# Secret Love



## WishMaster (May 28, 2005)

Hello to all, 

Im a new member here and im from Mauritius. This is my first post and i want to have your point of views...
Im met someone some weeks ago and im very happy with that person and we work at the same place... I wanted that person to be mine and to be by my side but suddenly he met somone else and he wanted that person.... The problem is that she doesn't know about my feeling.. What to do, I let her aware about my feeling or i just keep it secret and continue to suffer...? Or i try to compromise with myself? please reply me Everybody's comments are most welcome...

Regards, 
Wish Master


----------



## David Baxter PhD (May 28, 2005)

I have to admit I got confused by the "he" and "she" in that post... I don't know who is who...


----------



## hugsy (May 29, 2005)

a bit confusing but i think the person posting is a woman who wants to be with a man she knows from work.  the man met another woman whom i think works with the two of them.  and the woman posting wants to know if she should say anything to the other woman about her feelings for the man.  i guess it's so that she would know that there is something between her and the man and she won't get in between them.  
am i understanding right?


----------



## David Baxter PhD (May 29, 2005)

Oh. If you're correct, hugsy, I'd say I'm not sure there is anything to be gained from saying anything to the other woman, other than likely embarassment for Wishmaster.


----------



## WishMaster (May 31, 2005)

*thx for your reply*

Hi Dr David, 

Thanks for your  reply, im fact u r right there was a little confusing between the person..

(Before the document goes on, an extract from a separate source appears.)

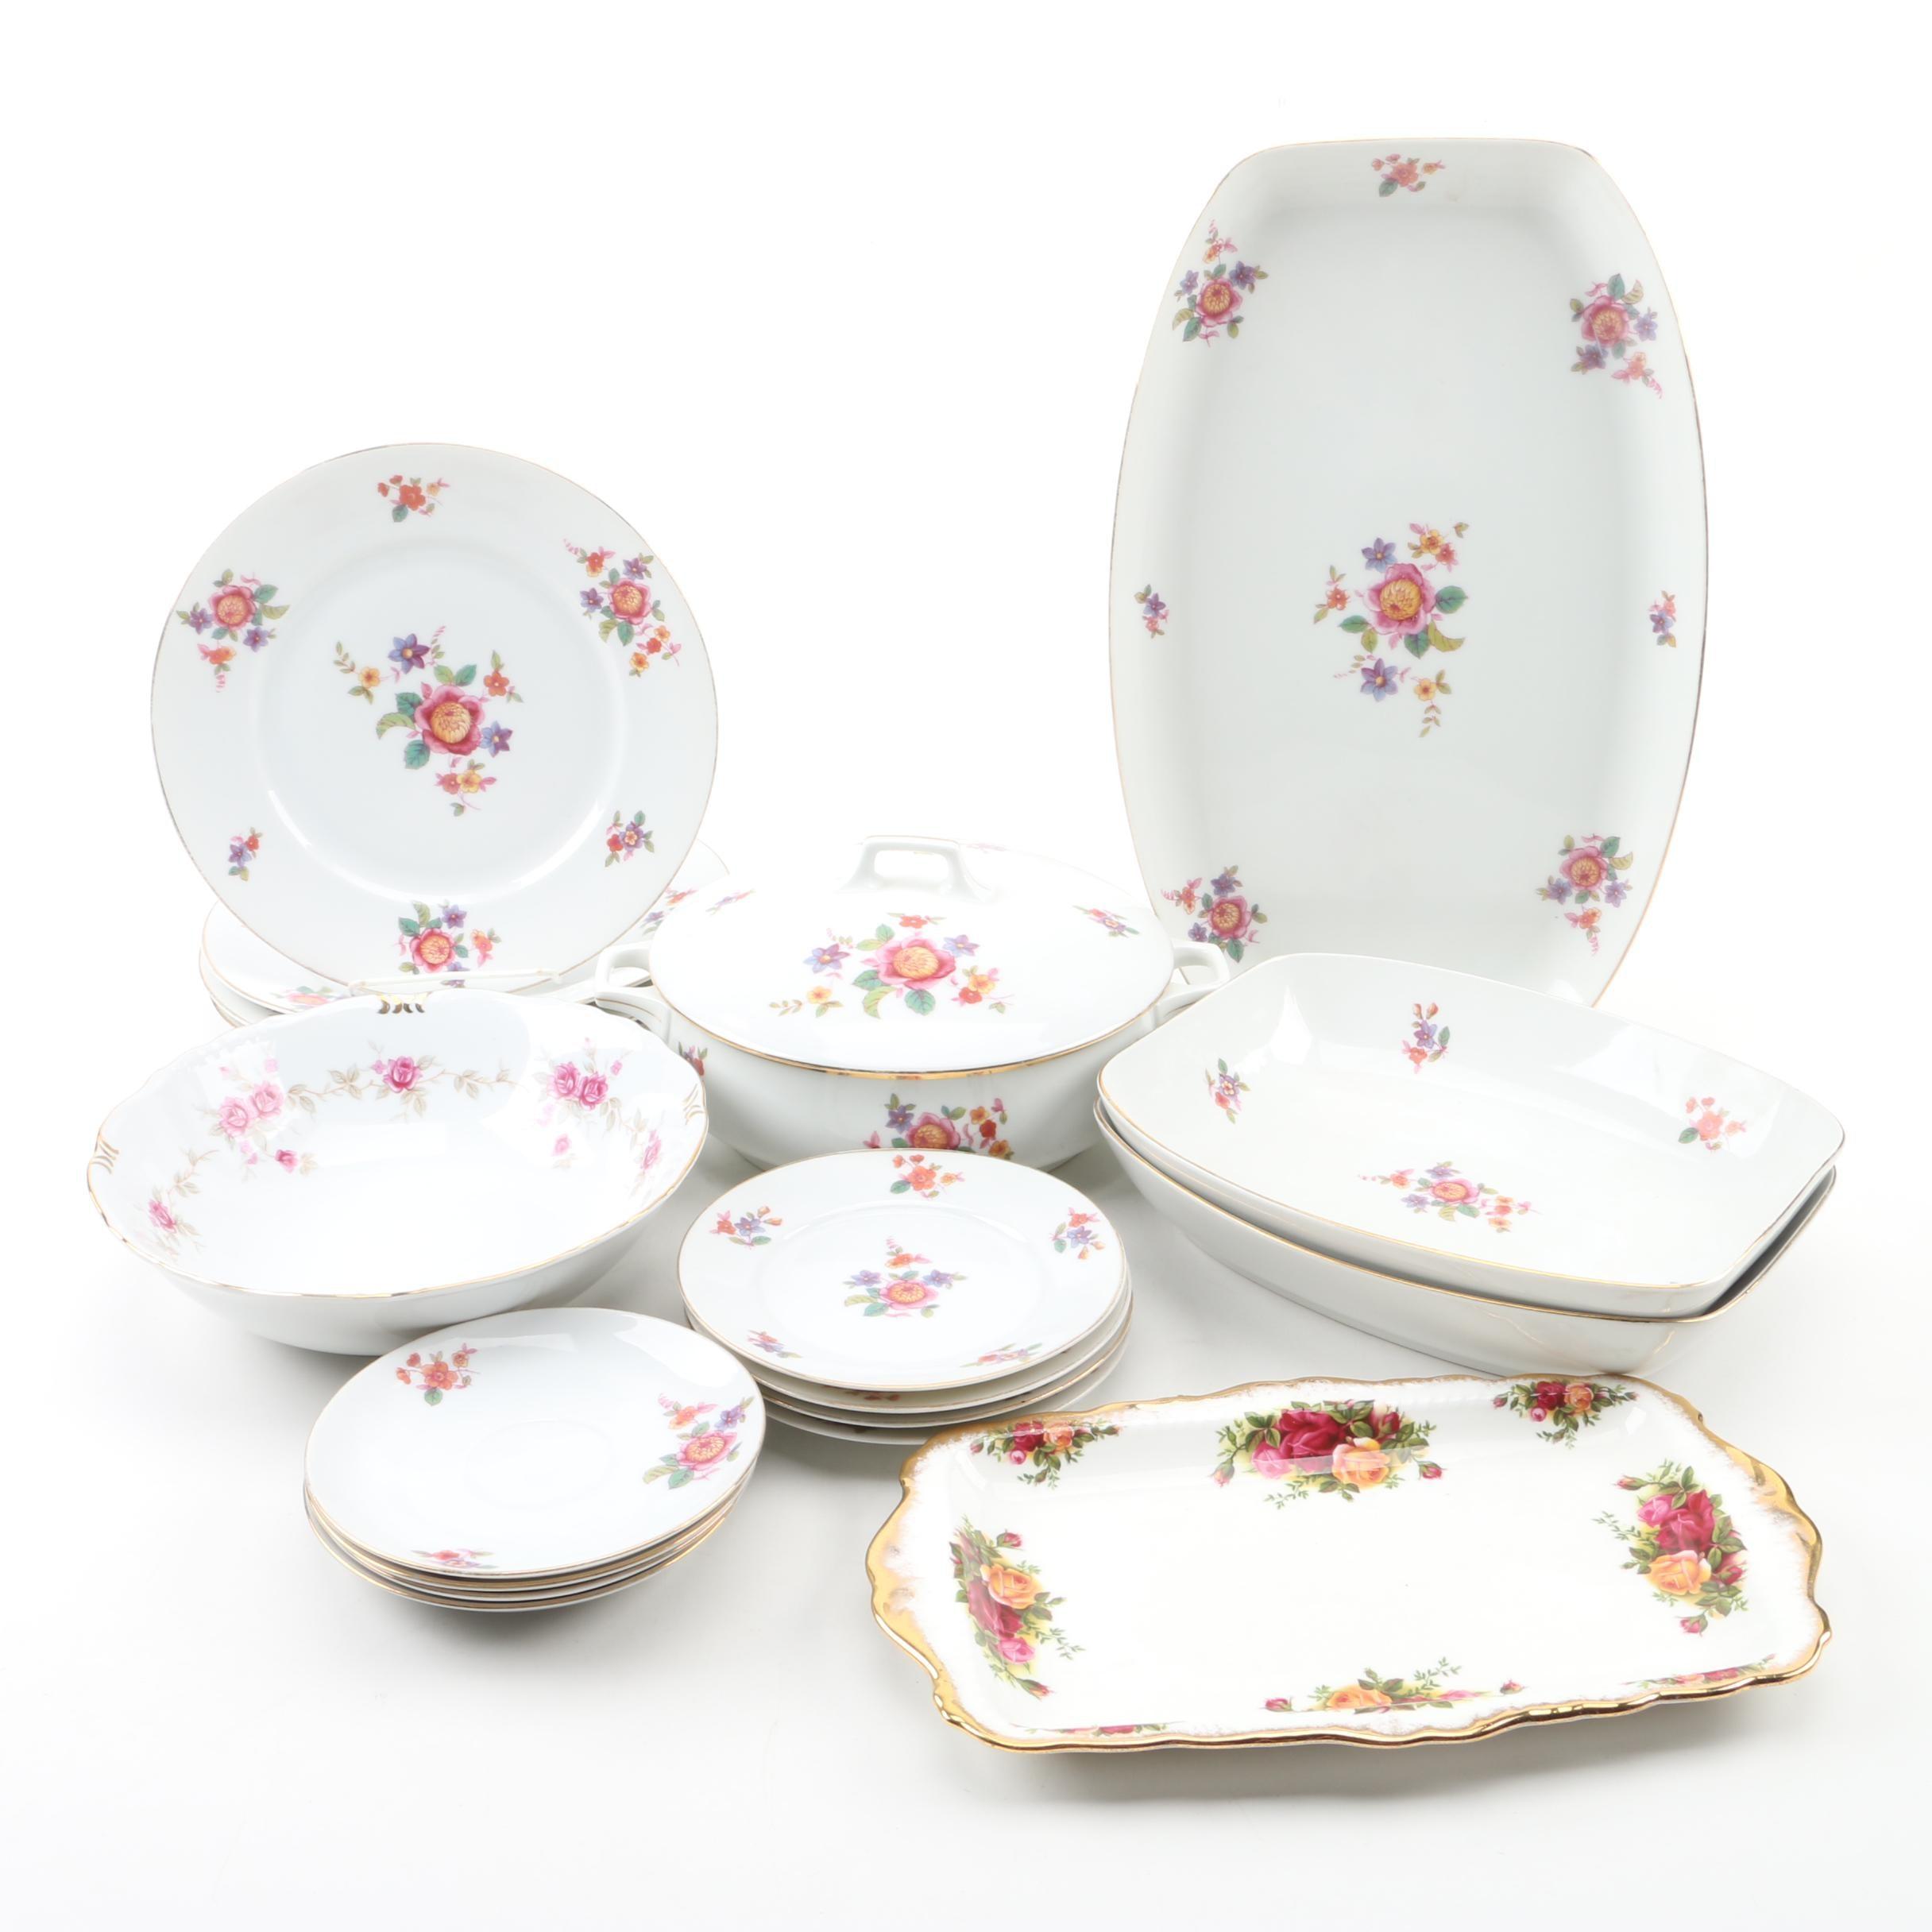 Porcelain Dinnerware Featuring Edelstein

let me clarify it, me im a  guy and that person i met is a girl we were together and i was happy with her but that  same girl met someone else recently and try to avoid me and we are no longer the same.. but i developed a feeling for her unfortunately i didn't let her aware of my feeling. What to do, i compromise with myself and change that feeling or i better tell her?

regards

Wish Master


----------



## sister (May 31, 2005)

If you can do it, i mean, if you are strong enough to open up and confess, than do it. Tell her about your feelings, don't conceal it. I'm sure now, that concealing your feelings leads to suffering, so it's better to try your luck, than to sit and regard later, that you haven't done this. Perhaps this girl will change her mind and be with you, perhaps she needs someone who will really love her, and this someone is you.

Good luck.


----------



## mrdaniel (Jun 25, 2005)

try to get her alone and see if thier is any sparks, since it is a work envrioment you have to be cautious , your feeling are important but you have to be careful when throwing your feelings around, good luck


----------



## mrdaniel (Jun 25, 2005)

try to get her alone and see if thier is any sparks, since it is a work envrioment you have to be cautious , your feeling are important but you have to be careful when throwing your feelings around, good luck


----------



## growingup (Jun 26, 2005)

From the dates on this thread, I'm sure a lot has happened since. But one thing I've learned is not to share feelings with a woman who may not be interested. It scares them a bit, but rather to simply ask her for a date or invite her for coffee. That way, you are doing something and not suffering in silence, while also protecting your heart from being broken outright. If she says no, she only broke the coffee's heart!


----------



## growingup (Jun 26, 2005)

From the dates on this thread, I'm sure a lot has happened since. But one thing I've learned is not to share feelings with a woman who may not be interested. It scares them a bit, but rather to simply ask her for a date or invite her for coffee. That way, you are doing something and not suffering in silence, while also protecting your heart from being broken outright. If she says no, she only broke the coffee's heart!


----------